▶ [Problem to work on]:
Report every line in the records below that holds the word "Brown".

▶ [Data for this task]:
━━━━━━

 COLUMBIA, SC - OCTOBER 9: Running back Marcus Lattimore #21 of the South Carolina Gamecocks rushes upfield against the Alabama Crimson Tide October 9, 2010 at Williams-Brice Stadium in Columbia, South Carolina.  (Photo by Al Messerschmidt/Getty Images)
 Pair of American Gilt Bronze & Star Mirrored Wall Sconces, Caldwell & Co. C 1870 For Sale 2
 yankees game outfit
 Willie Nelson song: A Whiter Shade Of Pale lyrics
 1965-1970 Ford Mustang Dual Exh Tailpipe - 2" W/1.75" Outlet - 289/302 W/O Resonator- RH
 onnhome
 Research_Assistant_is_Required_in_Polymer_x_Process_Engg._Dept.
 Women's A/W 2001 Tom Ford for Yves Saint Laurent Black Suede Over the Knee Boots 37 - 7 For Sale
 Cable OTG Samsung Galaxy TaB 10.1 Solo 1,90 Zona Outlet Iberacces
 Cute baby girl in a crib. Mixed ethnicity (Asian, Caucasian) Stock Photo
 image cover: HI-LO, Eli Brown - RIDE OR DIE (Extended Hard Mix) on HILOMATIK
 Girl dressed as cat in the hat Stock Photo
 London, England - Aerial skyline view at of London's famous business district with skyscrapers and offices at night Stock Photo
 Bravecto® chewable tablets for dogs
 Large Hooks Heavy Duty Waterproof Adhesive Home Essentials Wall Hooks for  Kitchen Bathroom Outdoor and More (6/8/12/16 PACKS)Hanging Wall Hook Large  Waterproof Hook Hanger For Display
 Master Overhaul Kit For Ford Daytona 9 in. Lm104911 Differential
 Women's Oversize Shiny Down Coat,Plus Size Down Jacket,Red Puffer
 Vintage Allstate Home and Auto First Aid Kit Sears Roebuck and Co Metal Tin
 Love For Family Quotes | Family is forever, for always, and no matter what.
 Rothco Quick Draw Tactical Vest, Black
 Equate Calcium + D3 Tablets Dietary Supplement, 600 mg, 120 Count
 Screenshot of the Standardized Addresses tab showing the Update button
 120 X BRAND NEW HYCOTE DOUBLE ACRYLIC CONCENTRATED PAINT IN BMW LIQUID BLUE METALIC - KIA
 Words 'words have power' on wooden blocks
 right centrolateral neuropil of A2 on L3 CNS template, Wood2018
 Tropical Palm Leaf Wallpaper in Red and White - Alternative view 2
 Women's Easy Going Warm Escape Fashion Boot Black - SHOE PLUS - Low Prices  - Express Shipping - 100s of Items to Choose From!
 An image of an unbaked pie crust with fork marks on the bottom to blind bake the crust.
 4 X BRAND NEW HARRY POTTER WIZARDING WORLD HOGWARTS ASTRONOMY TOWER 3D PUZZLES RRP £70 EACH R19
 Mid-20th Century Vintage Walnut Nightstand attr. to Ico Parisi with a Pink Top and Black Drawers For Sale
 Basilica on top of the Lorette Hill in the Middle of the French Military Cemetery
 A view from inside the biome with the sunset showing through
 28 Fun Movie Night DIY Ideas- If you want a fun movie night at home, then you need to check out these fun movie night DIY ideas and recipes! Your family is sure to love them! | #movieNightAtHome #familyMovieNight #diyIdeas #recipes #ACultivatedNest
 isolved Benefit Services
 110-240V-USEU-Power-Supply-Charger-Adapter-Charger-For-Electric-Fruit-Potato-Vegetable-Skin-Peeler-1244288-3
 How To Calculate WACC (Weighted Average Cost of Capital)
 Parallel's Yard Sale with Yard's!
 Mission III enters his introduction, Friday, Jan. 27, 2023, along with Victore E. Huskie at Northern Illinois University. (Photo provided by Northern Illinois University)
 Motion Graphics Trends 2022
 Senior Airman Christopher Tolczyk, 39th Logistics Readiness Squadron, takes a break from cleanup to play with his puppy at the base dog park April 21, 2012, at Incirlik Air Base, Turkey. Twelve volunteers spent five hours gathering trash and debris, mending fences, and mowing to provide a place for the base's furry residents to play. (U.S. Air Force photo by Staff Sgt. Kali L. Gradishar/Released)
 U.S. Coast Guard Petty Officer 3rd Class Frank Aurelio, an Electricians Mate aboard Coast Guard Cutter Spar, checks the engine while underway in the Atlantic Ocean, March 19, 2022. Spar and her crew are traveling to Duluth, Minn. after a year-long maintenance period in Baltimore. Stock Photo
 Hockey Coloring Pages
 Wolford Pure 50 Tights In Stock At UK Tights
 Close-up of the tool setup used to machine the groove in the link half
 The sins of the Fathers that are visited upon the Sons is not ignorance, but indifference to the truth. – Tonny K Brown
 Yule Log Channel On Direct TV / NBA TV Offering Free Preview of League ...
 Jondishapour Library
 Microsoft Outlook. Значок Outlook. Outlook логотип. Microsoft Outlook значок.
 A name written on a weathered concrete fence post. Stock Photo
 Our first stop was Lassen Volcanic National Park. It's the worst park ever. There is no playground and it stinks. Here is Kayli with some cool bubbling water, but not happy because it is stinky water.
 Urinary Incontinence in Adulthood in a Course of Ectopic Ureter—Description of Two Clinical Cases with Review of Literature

━━━━━━

▶ [Task output]:
 image cover: HI-LO, Eli Brown - RIDE OR DIE (Extended Hard Mix) on HILOMATIK
 The sins of the Fathers that are visited upon the Sons is not ignorance, but indifference to the truth. – Tonny K Brown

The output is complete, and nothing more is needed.